■ **Task details**:
Could you write out the listing below exactly as it stands, leaving out the pictures?

■ **Data excerpt**:
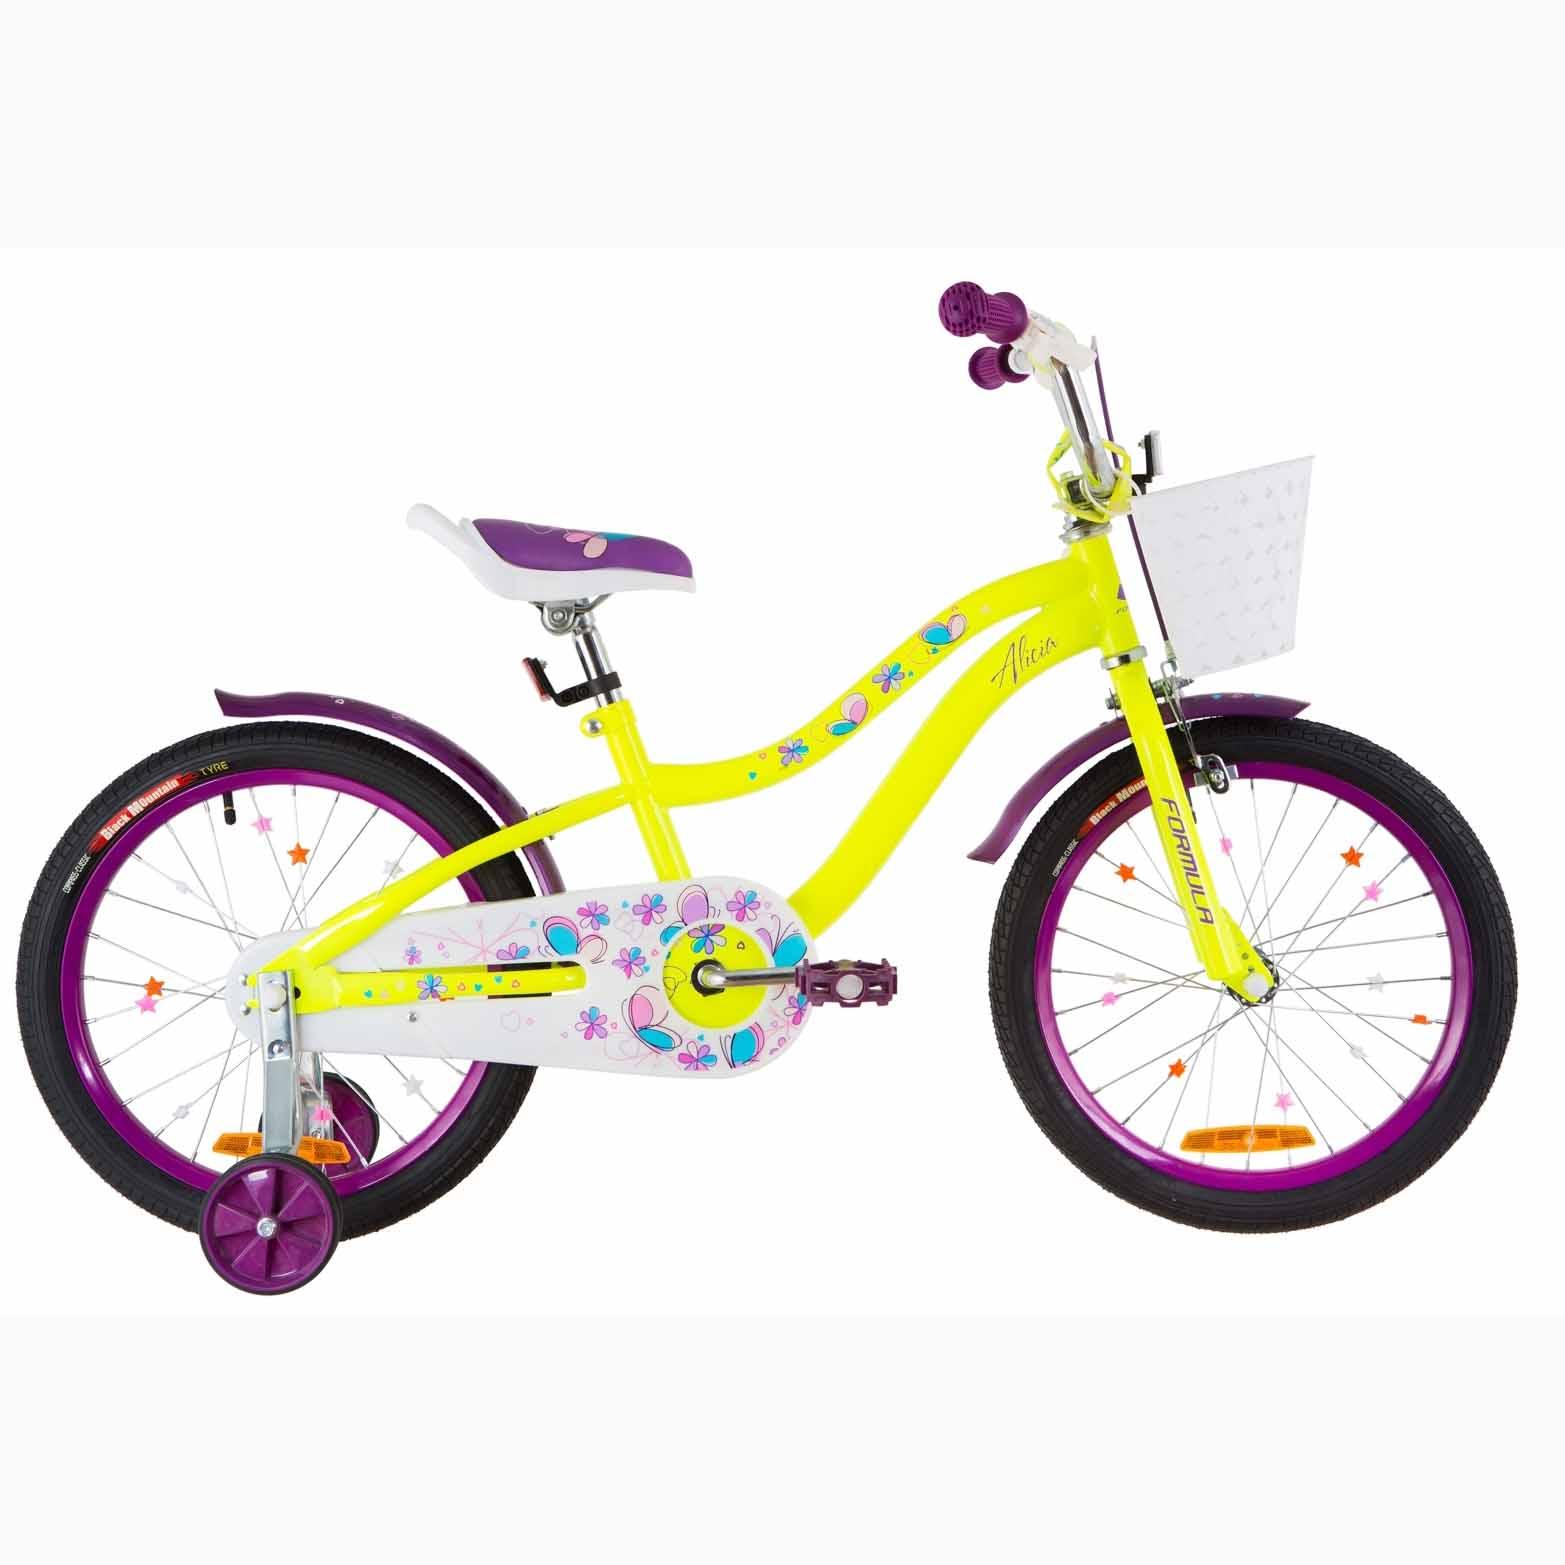 Фото Детский Велосипед 18 Formula ALICIA желто-фиолетовый 2019
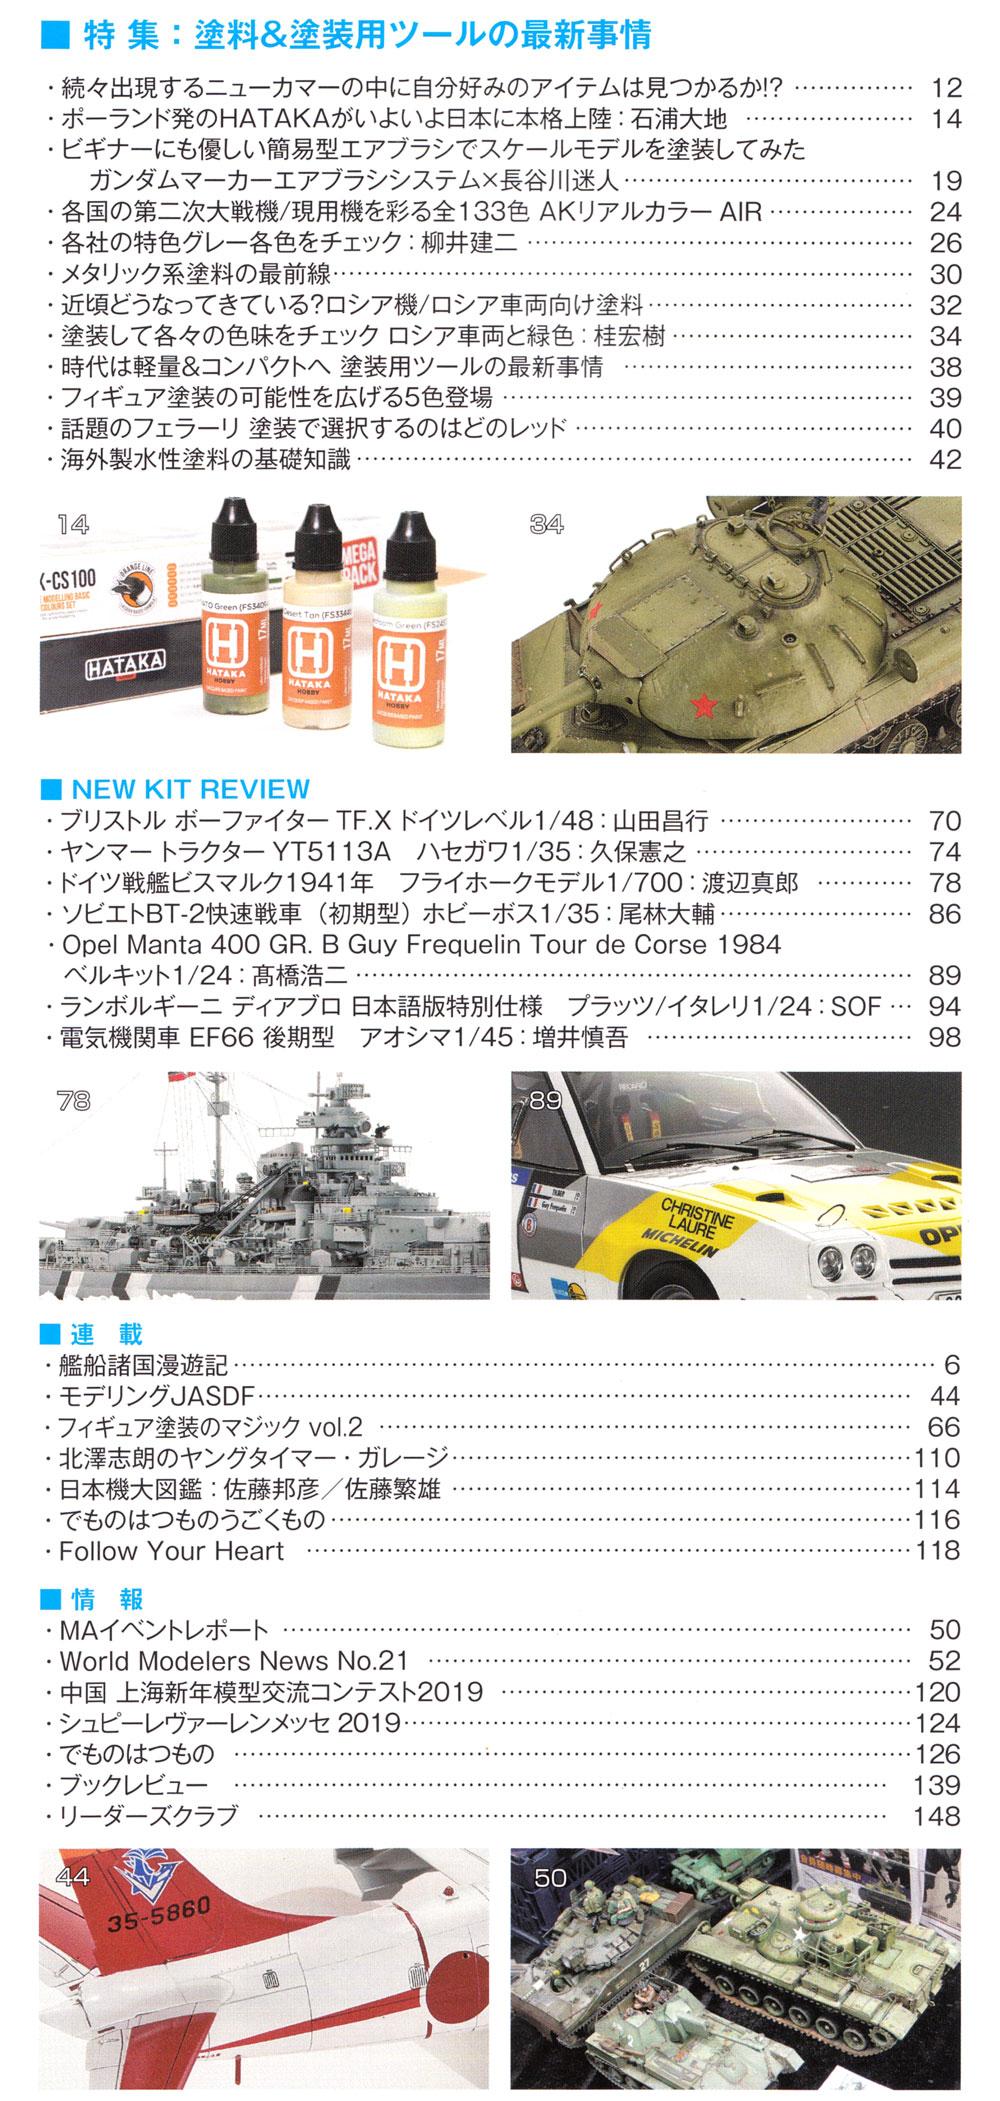 モデルアート 2019年4月号雑誌(モデルアート月刊 モデルアートNo.1010)商品画像_2
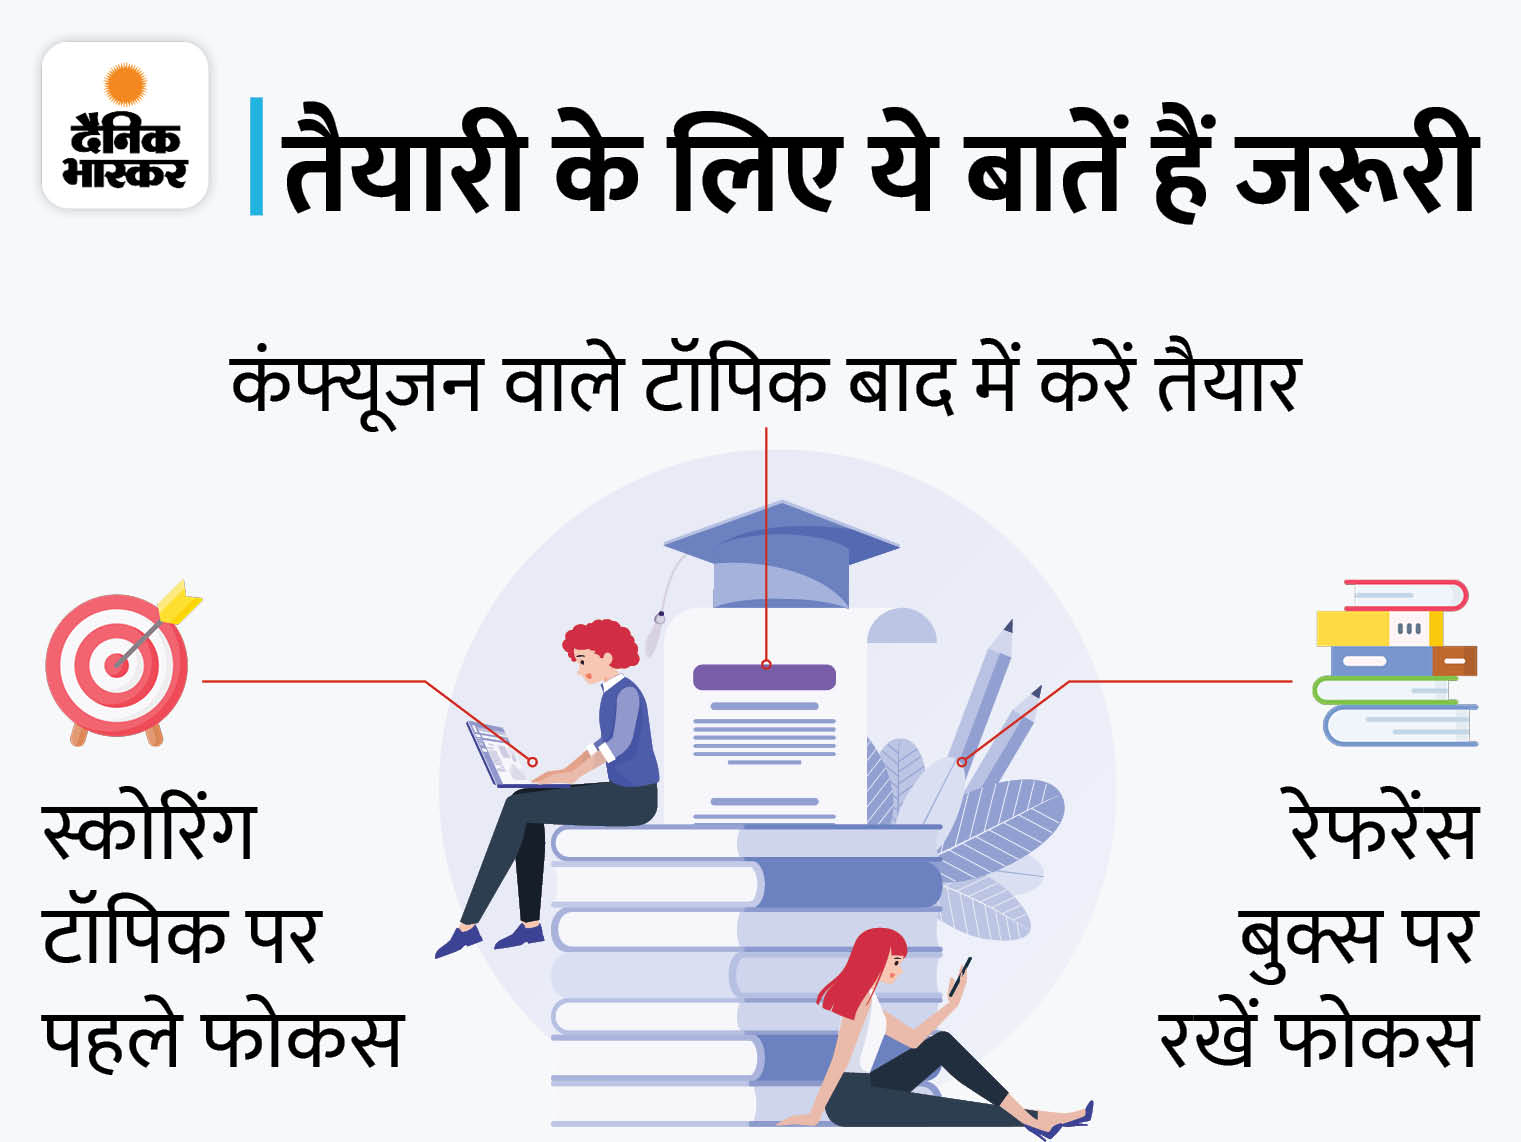 15 लाख अभ्यर्थियों के लिए बड़े काम के हैं ये 16 एक्सपर्ट टिप्स, एग्जाम में स्कोरिंग करनी है रखें इन बातों का ध्यान पटवारी भर्ती परीक्षा,RSMSSB Patwari Exam 2021 - Dainik Bhaskar

■ **Response**:
 Фото Детский Велосипед 18 Formula ALICIA желто-фиолетовый 2019
 モデルアート 2019年4月号雑誌(モデルアート月刊 モデルアートNo.1010)商品画像_2
 15 लाख अभ्यर्थियों के लिए बड़े काम के हैं ये 16 एक्सपर्ट टिप्स, एग्जाम में स्कोरिंग करनी है रखें इन बातों का ध्यान पटवारी भर्ती परीक्षा,RSMSSB Patwari Exam 2021 - Dainik Bhaskar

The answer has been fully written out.